UX Design and neural networks
There is a possibility that neural networks can uncover the qualitative part of consumer behavior. The current tools available online usually predict behavior based on quantitative data: we can predict the likelihood of a website visitor to become a potential sales lead using the historical or industry benchmark data. Another example would be Google Keyword Planner, where we can have a rough guess on how our blog post will thrive based on the volume of monthly searches and competition regarding the keywords.

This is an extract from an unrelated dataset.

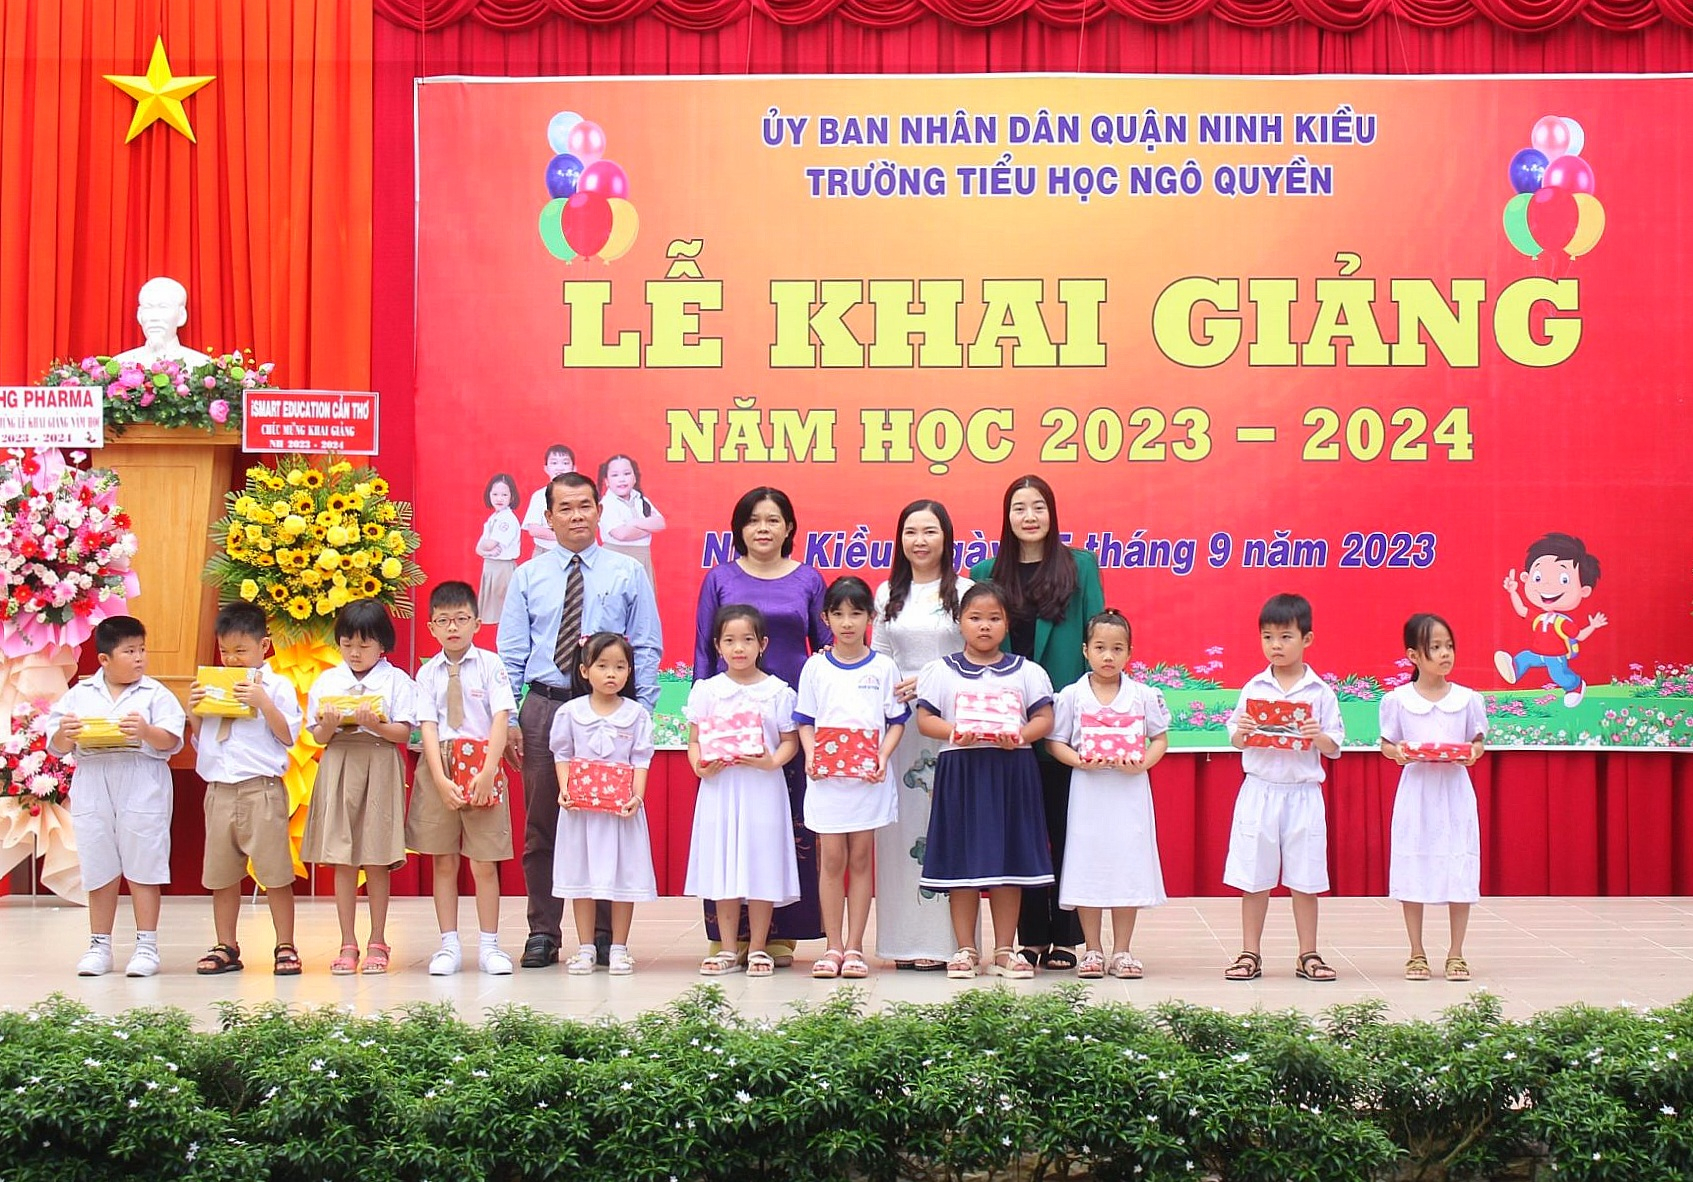 Đại biểu và Ban giám hiệu Trường Tiểu học Ngô Quyền, quận Ninh Kiều tặng quà cho các em học sinh.

Neural networks, on the other hand, may predict beyond the numbers given. For example, it can predict the likelihood of a user to support a social campaign based on their behavior. If a person recently buys a gun, he or she might be a Republican, and thus, the user has preferences in supporting social causes. We can use neural networks to offer products and services related to the customer, even when they haven’t yet realized the need.
Neural networks address customers’ pain points and introduce products and services during the ‘Awareness’ stage of a customer’s journey.
The downturn effects on neural network research
Perhaps the first thing you should know is that technology investment is beneficial for many business owners. McKinsey mentioned that neural networks could create a value of US$3.5 trillion to US$5.8 trillion annually.
In a sense, artificial intelligence, such as neural networks, will be needed in the future. The infrastructure to utilize it will also become more accessible, cheaper, and more advanced. Take Microsoft Azure, for instance. It is offering free account access as of June 2020. You can also check out Google Cloud, IBM Cloud Pak & Data, and Amazon AWS.